--- What the task asks ---
Reproduce, exactly and only, the lines of the data that follows from the one containing "Eine Sachliche Romanze" down to the one containing "Mauvilac industries nuancier", without pictures.

─── Data supplied

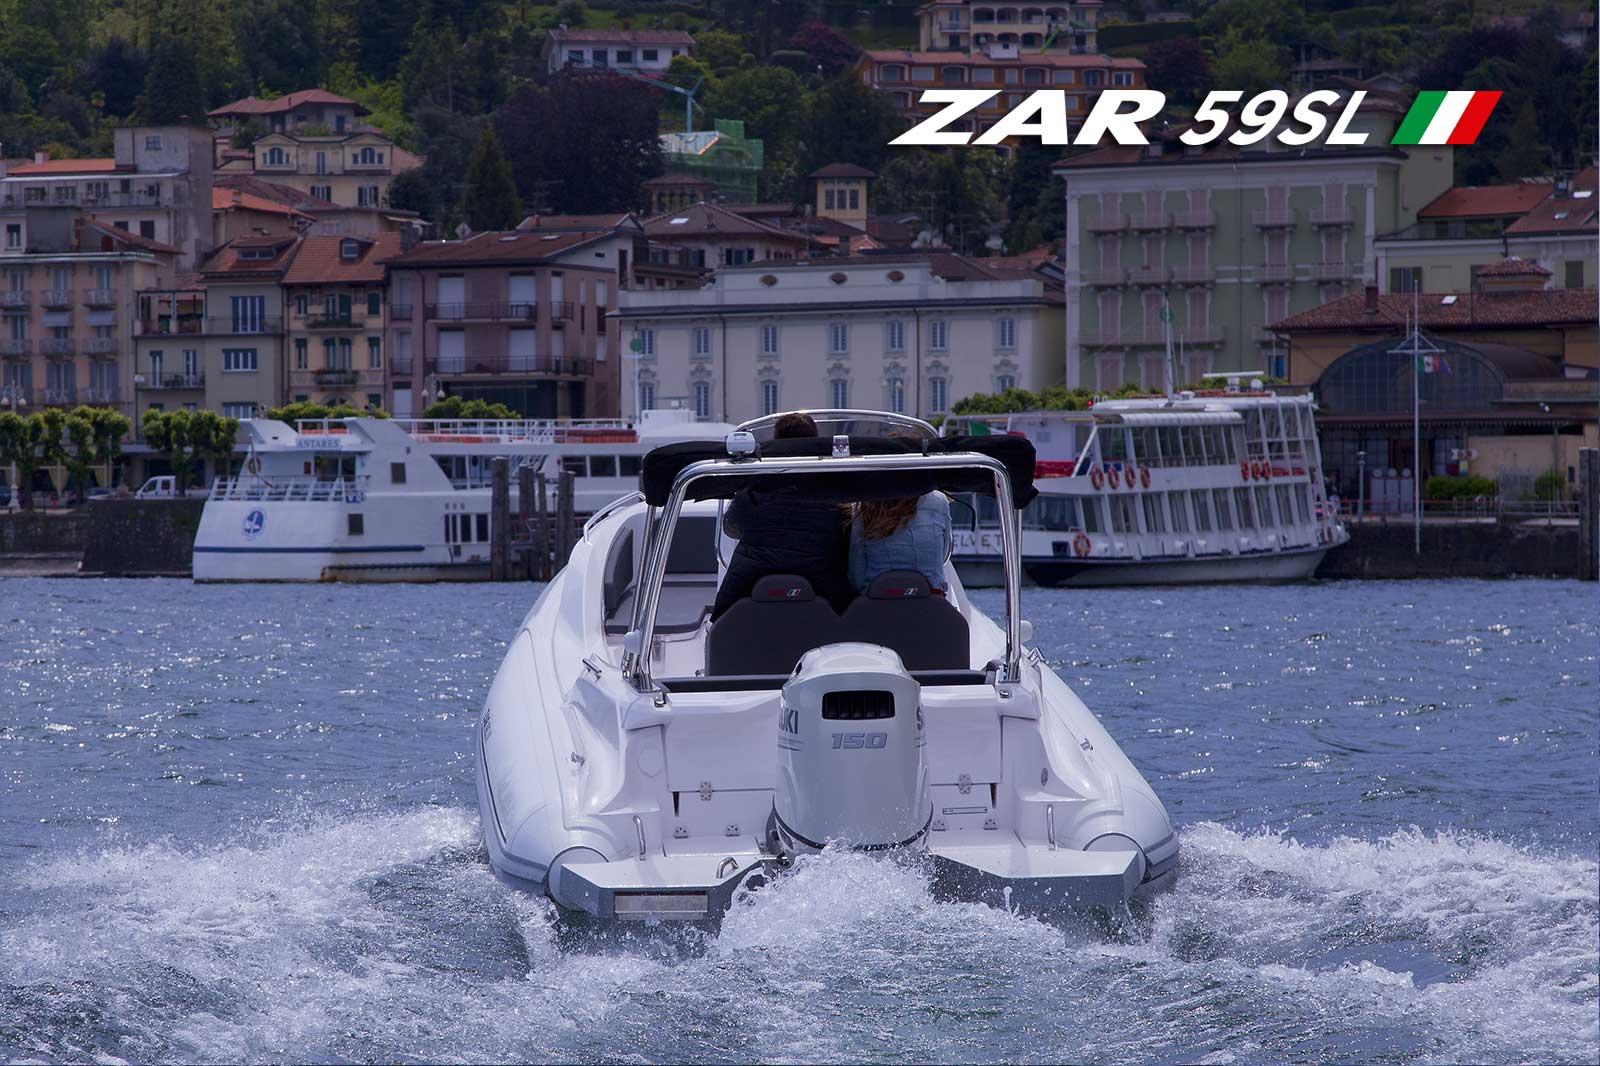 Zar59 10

──────
─── Data supplied

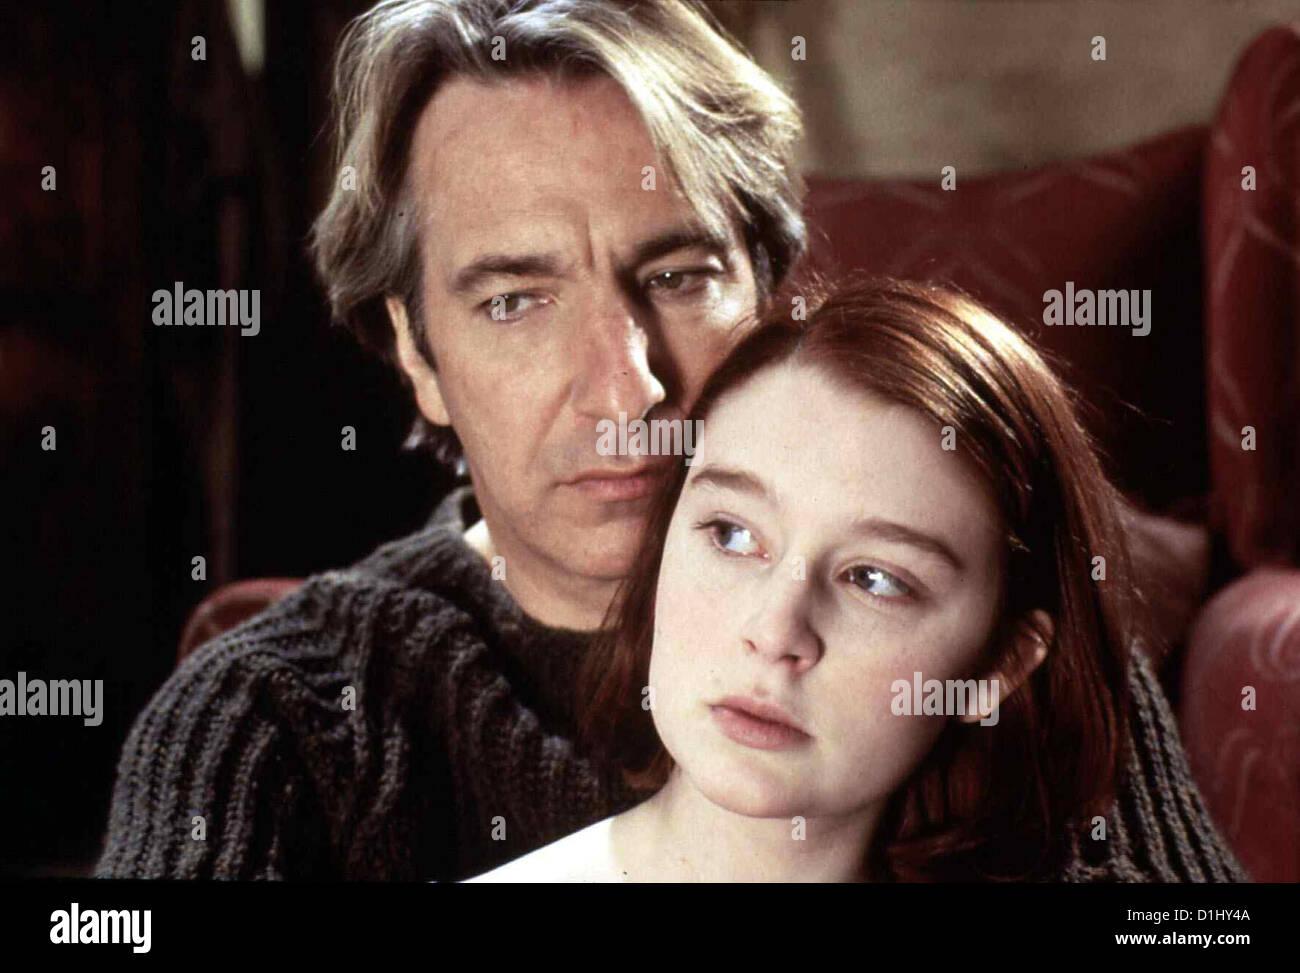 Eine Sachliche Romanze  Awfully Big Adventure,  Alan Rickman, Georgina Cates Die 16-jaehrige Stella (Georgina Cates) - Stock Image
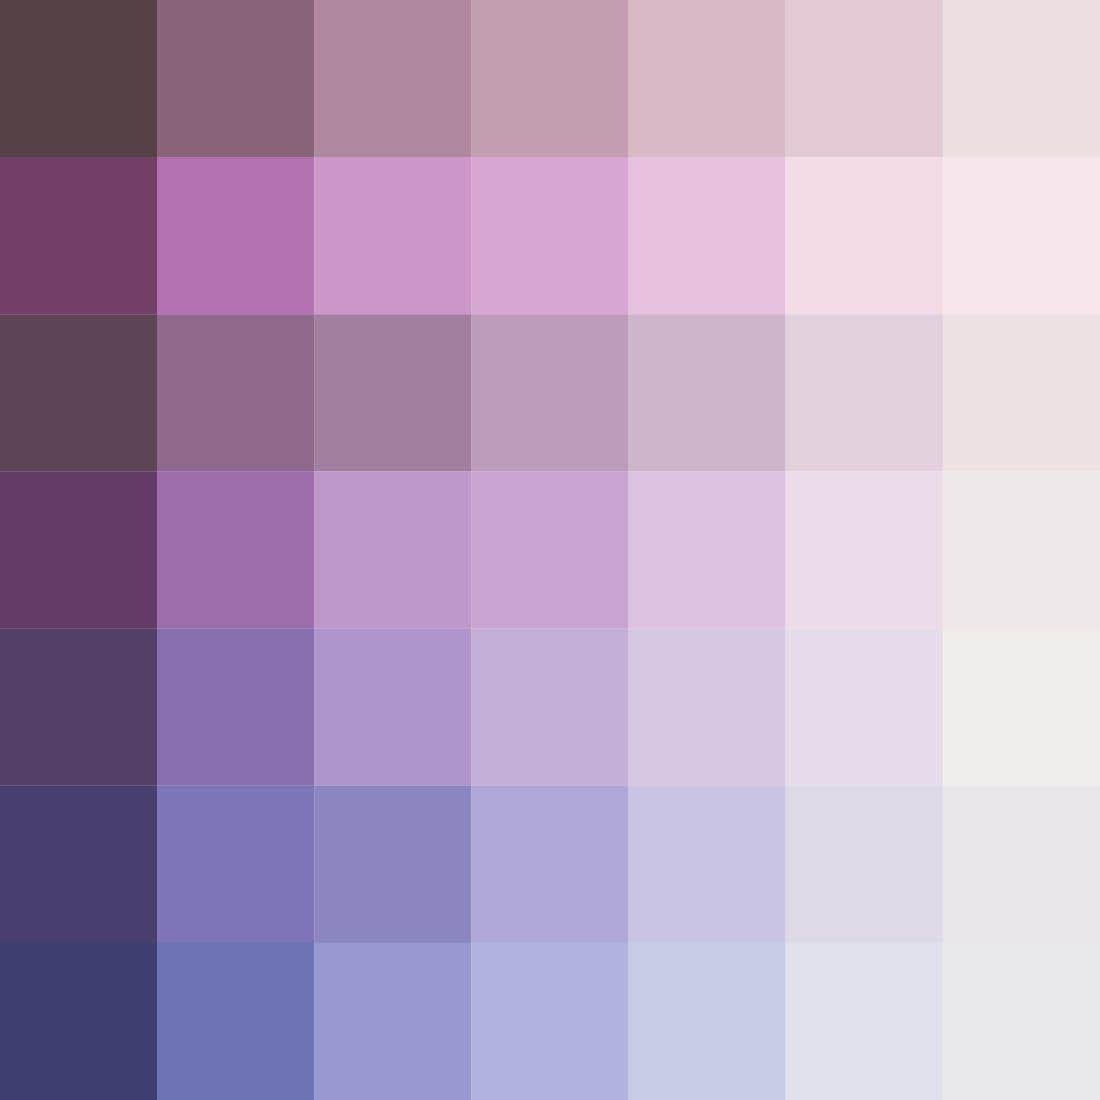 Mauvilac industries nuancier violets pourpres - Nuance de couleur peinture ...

──────
─── Data supplied

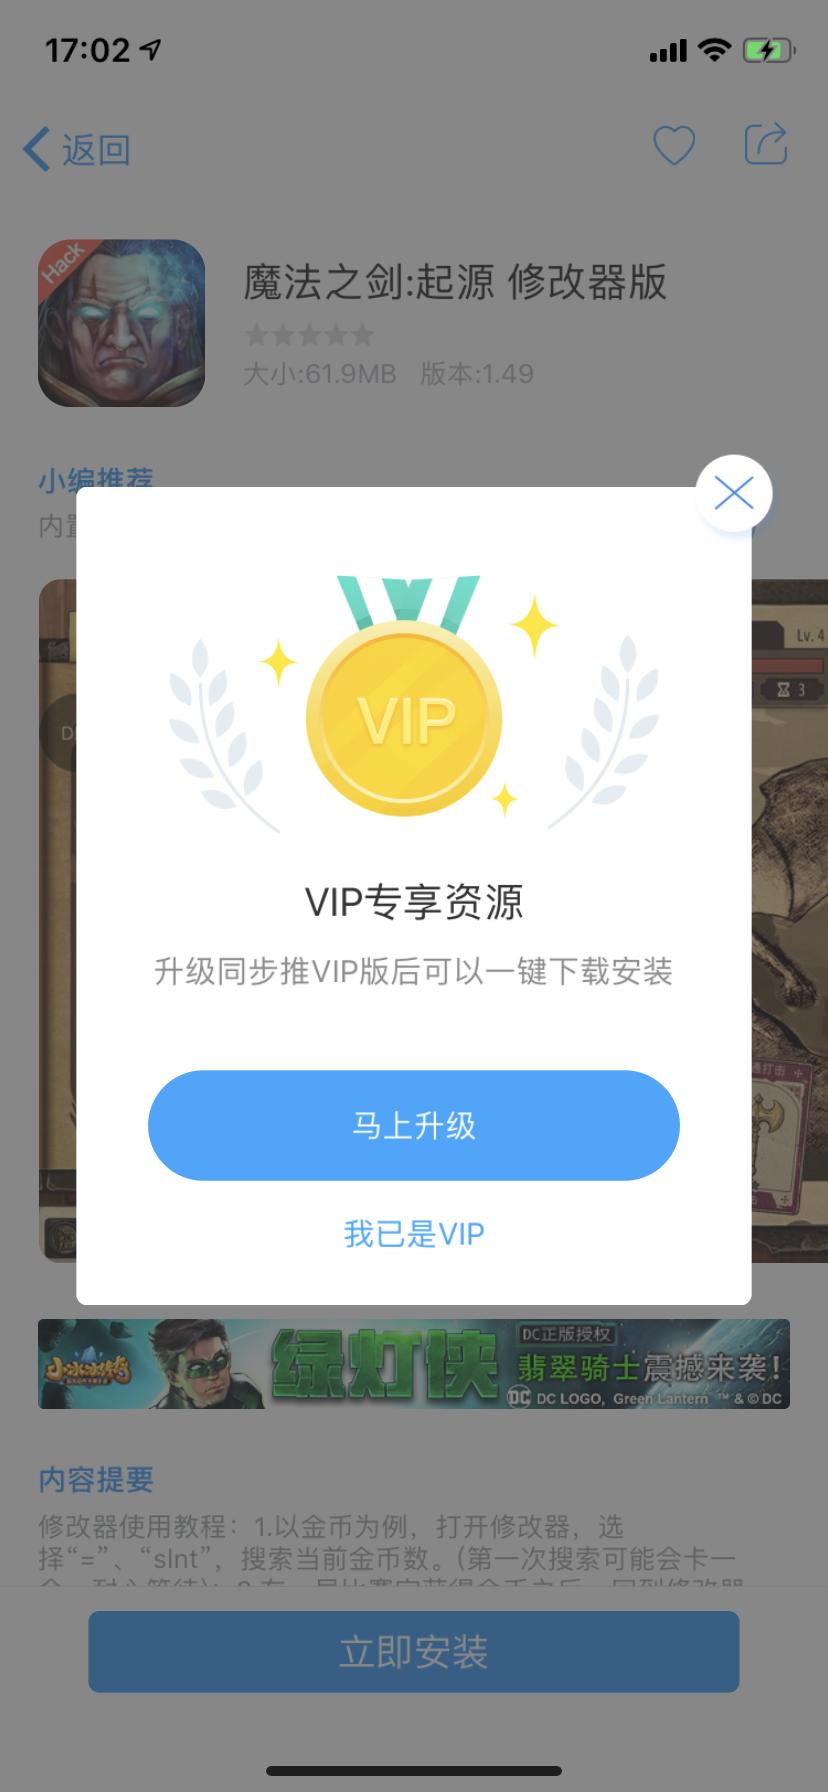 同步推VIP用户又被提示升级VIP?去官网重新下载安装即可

──────

--- Output ---
 Eine Sachliche Romanze  Awfully Big Adventure,  Alan Rickman, Georgina Cates Die 16-jaehrige Stella (Georgina Cates) - Stock Image
 Mauvilac industries nuancier violets pourpres - Nuance de couleur peinture ...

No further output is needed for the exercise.